Modified: pkg/FinancialInstrument/DESCRIPTION
===================================================================
--- pkg/FinancialInstrument/DESCRIPTION 2012-01-10 19:21:27 UTC (rev 909)
+++ pkg/FinancialInstrument/DESCRIPTION 2012-01-12 21:04:33 UTC (rev 910)
@@ -11,7 +11,7 @@
meta-data and relationships. Provides support for
multi-asset class and multi-currency portfolios. Still
in heavy development.
-Version: 0.10.4
+Version: 0.10.5
URL: https://r-forge.r-project.org/projects/blotter/
Date: $Date$
Depends:
Modified: pkg/FinancialInstrument/R/Tick2Sec.R
===================================================================
--- pkg/FinancialInstrument/R/Tick2Sec.R 2012-01-10 19:21:27 UTC (rev 909)
+++ pkg/FinancialInstrument/R/Tick2Sec.R 2012-01-12 21:04:33 UTC (rev 910)
@@ -14,6 +14,9 @@
#' convert tick data to one-second data
#'
+#' This is like taking a snapshot of the market at the end of every second, except
+#' the volume over the second is summed.
+#'
#' From tick data with columns: \dQuote{Price}, \dQuote{Volume}, \dQuote{Bid.Price},
#' \dQuote{Bid.Size}, \dQuote{Ask.Price}, \dQuote{Ask.Size}, to data of one second frequency
#' with columns \dQuote{Bid.Price}, \dQuote{Bid.Size}, \dQuote{Ask.Price}, \dQuote{Ask.Size},
@@ -25,6 +28,11 @@
#' If there are no trades or bid/ask price updates in a given second, we will not make
#' a row for that timestamp. If there were no trades, but the bid or ask
#' price changed, then we _will_ have a row but the Volume and Trade.Price will be NA.
+#'
+#' If there are multiple trades in the same second, Volume will be the sum of the volume,
+#' but only the last trade price in that second will be printed.
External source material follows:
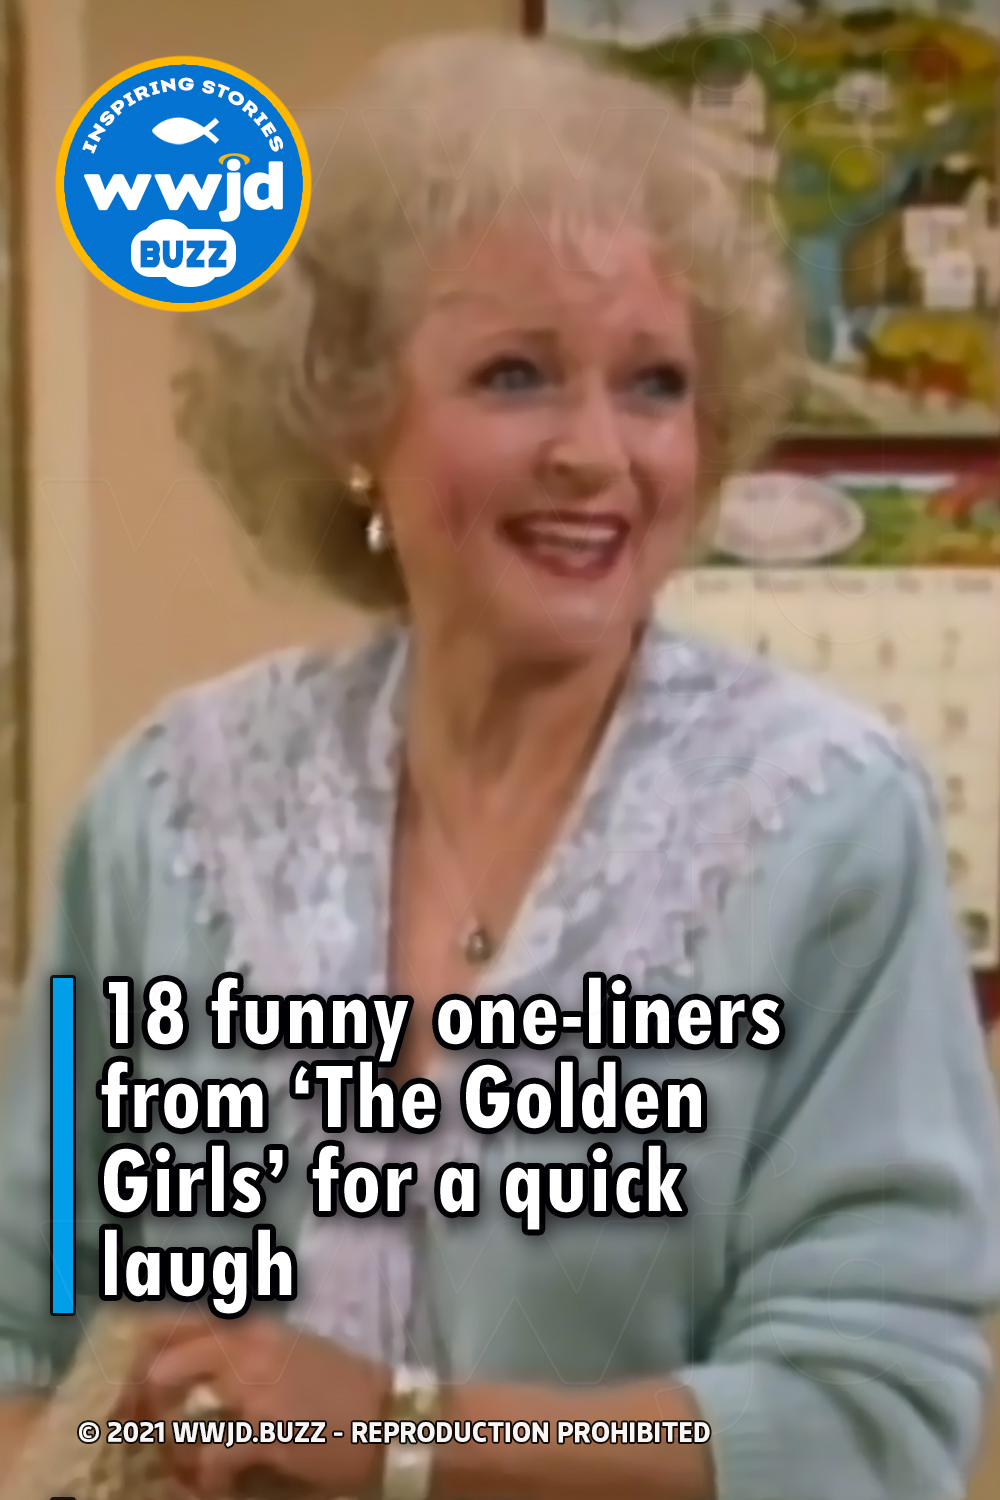 18 funny one-liners from ‘The Golden Girls’ for a quick laugh

Similarly, if there
+#' is a trade, and then later in the same second, there is a bid/ask update, the last
+#' Bid/Ask Price/Size will be used.
#'
#' @param x the xts series to convert to 1 minute BATMV
#' @return an xts object of 1 second frequency
@@ -62,16 +70,41 @@
xx <- cbind(Bi(xx), As(xx), ClVo, all=TRUE)
xx[, 1:4] <- na.locf(xx[, 1:4])
colnames(xx) <- c("Bid.Price", "Bid.Size", "Ask.Price", "Ask.Size", "Trade.Price", "Volume")
+
#if volume is zero, and all other rows are unchanged, delete that row
- out <- xx
- v <- out[, 6]
+ xxx <- xx
+ v <- xxx[, 6]
v[is.na(v)] <- 0
- dout <- cbind(diff(out[,c(1, 3)]), v)
- align.time(out[index(dout[!rowSums(dout) == 0])], 1)
-}
+ dxxx <- cbind(diff(xxx[,c(1, 3)]), v)
+ xxx <- align.time(xxx[index(dxxx[!rowSums(dxxx) == 0])], 1)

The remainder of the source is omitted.